My research team at Lumu Technologies has continued to detect contacts from Qbot after the botnet was supposedly taken down.
Getting rid of Qbot is just the first step
Each of those 700,000 devices still represents a device where credentials were potentially stolen and are now for sale on the dark web. Qbot can also act as a backdoor to install other malware or persistence tools, so each of those devices needs to be checked for compromise.
Threat actors will adapt
Qbot is essentially a legacy botnet, adapted from its original purpose as a banking trojan, that has proven to be a thorn in our side for too long. It’s important to remember that Qbot is just one element in the cyber crime supply chain. It’s great to see that cryptocurrencies have been confiscated but as far as we know no arrests have been made. The threat actors are still at large and other malware is likely to take up Qbot’s position as an initial access vector and precursor to ransomware.

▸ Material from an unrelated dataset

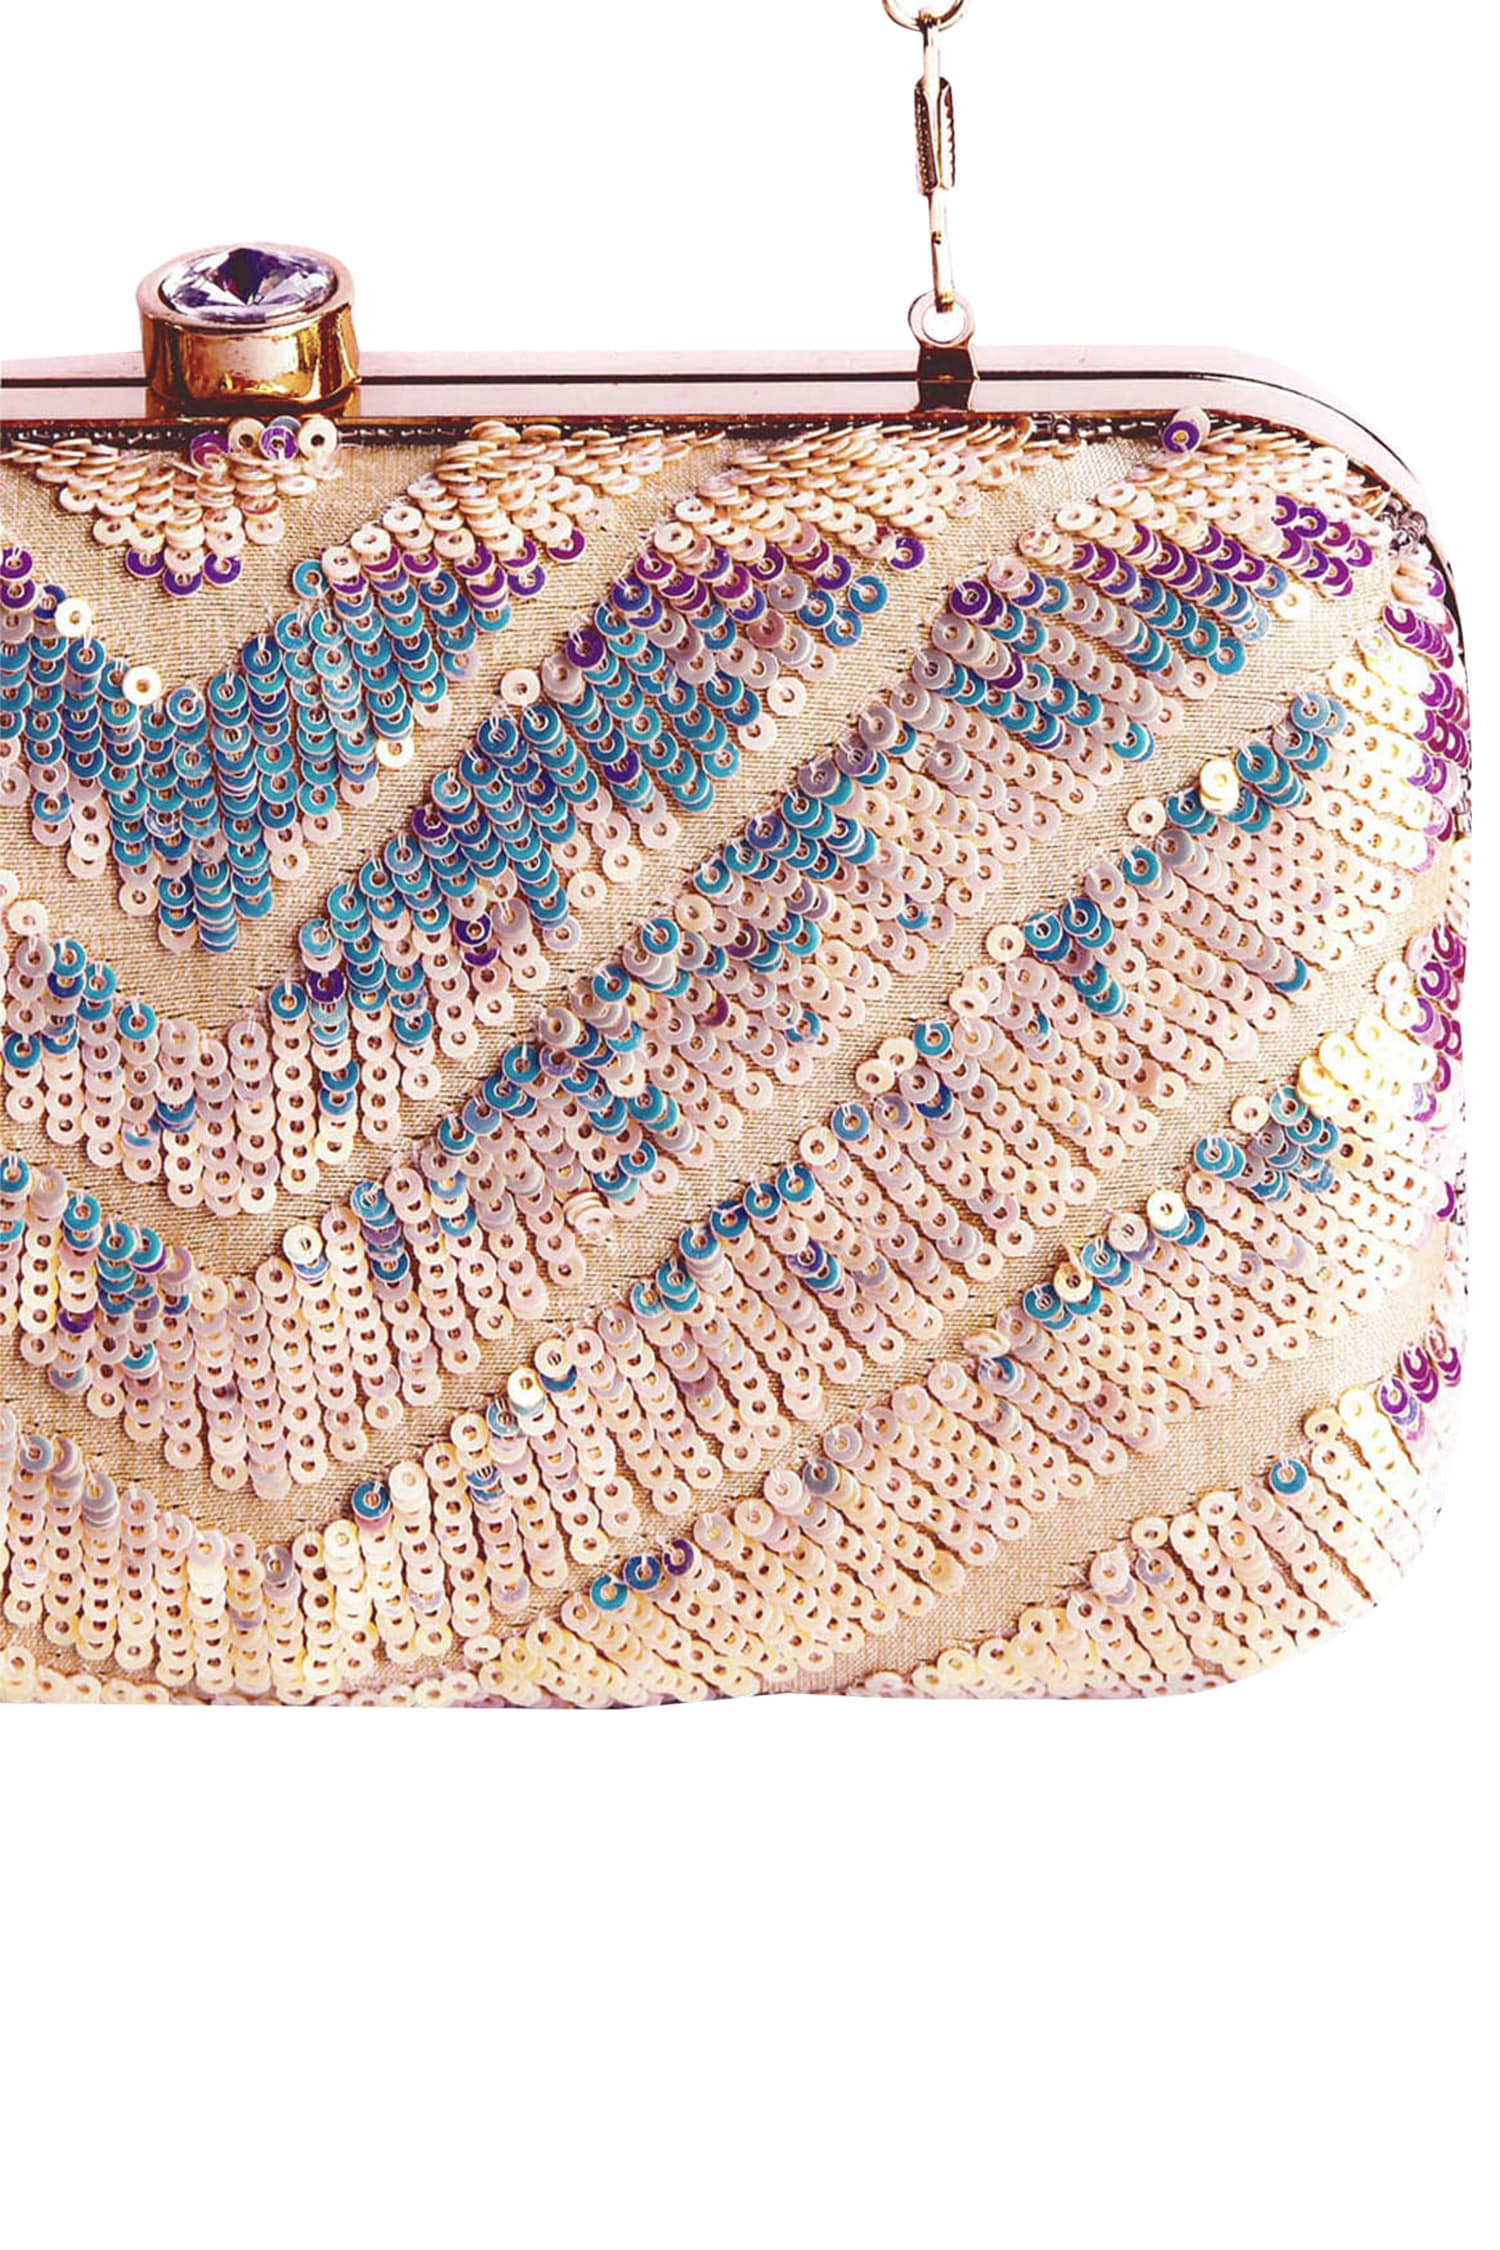 Women Handbag Clutch Purse Sequin Elegant Evening Bag(Gold) - Walmart.com

Botnets like Qbot and Emotet have proven to be resilient before following similar (but smaller) takedown operations and it remains to be seen if this was the killing blow to Qbot. The government’s operation shows the power of collective action in cyber security, reinforcing that we are stronger together. We need to continue to remain vigilant. We might have won this battle, but the war still rages on.
Ricardo Villadiego is founder and CEO of Lumu Technologies, a threat hunting and network detection and response (NDR) specialist.